- EXERCISE AIM -
Word for word, the data below must be repeated in full; no picture is to be included.

- GIVEN INFORMATION -
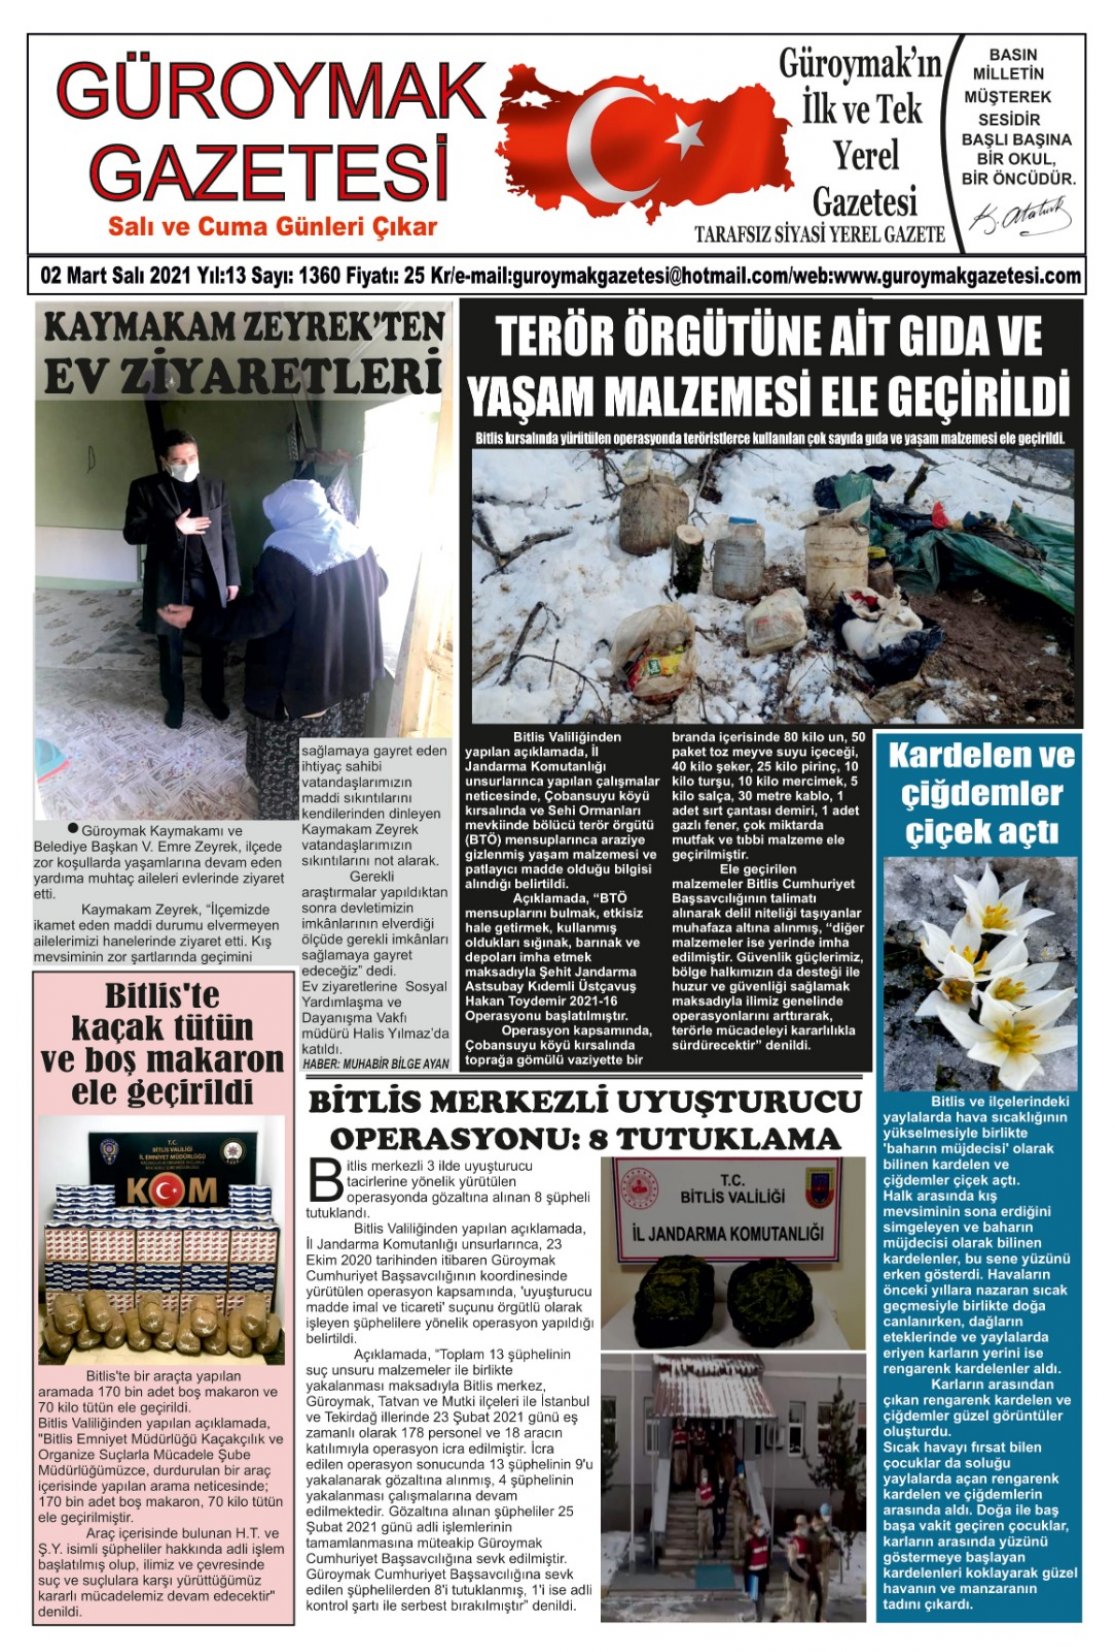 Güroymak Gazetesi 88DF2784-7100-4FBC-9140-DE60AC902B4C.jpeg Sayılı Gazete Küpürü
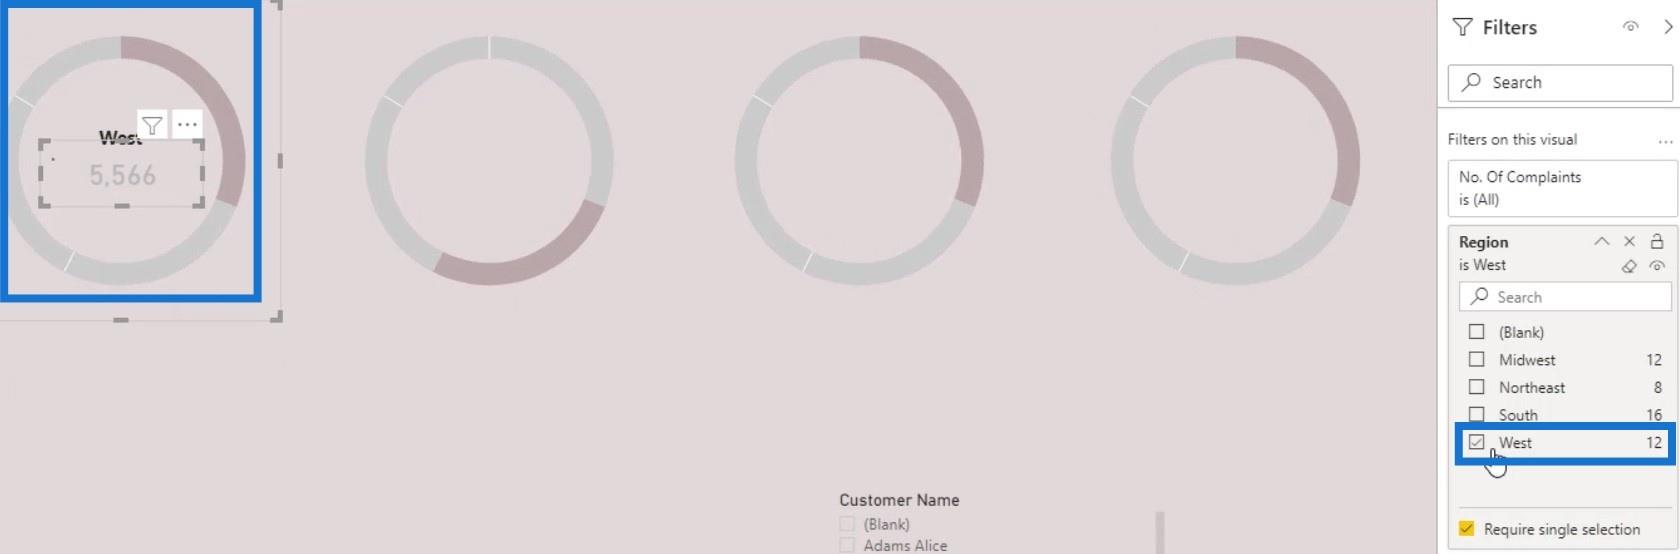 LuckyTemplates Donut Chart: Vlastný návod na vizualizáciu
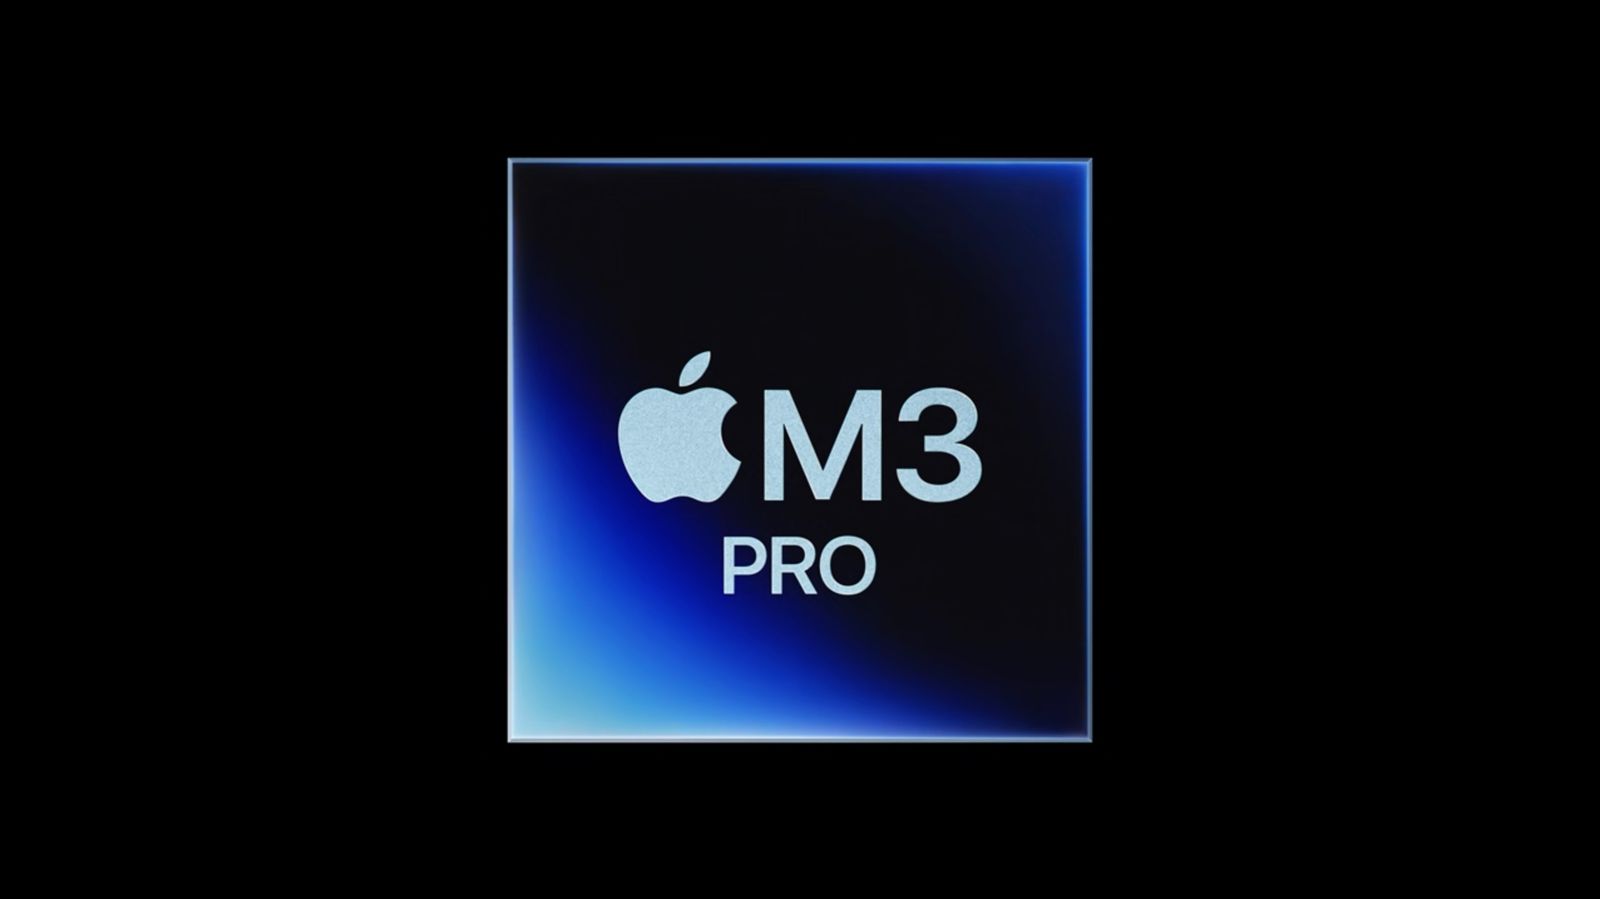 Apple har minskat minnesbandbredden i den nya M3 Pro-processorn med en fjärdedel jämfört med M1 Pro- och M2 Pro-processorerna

- EXERCISE RESPONSE -
 Güroymak Gazetesi 88DF2784-7100-4FBC-9140-DE60AC902B4C.jpeg Sayılı Gazete Küpürü
 LuckyTemplates Donut Chart: Vlastný návod na vizualizáciu
 Apple har minskat minnesbandbredden i den nya M3 Pro-processorn med en fjärdedel jämfört med M1 Pro- och M2 Pro-processorerna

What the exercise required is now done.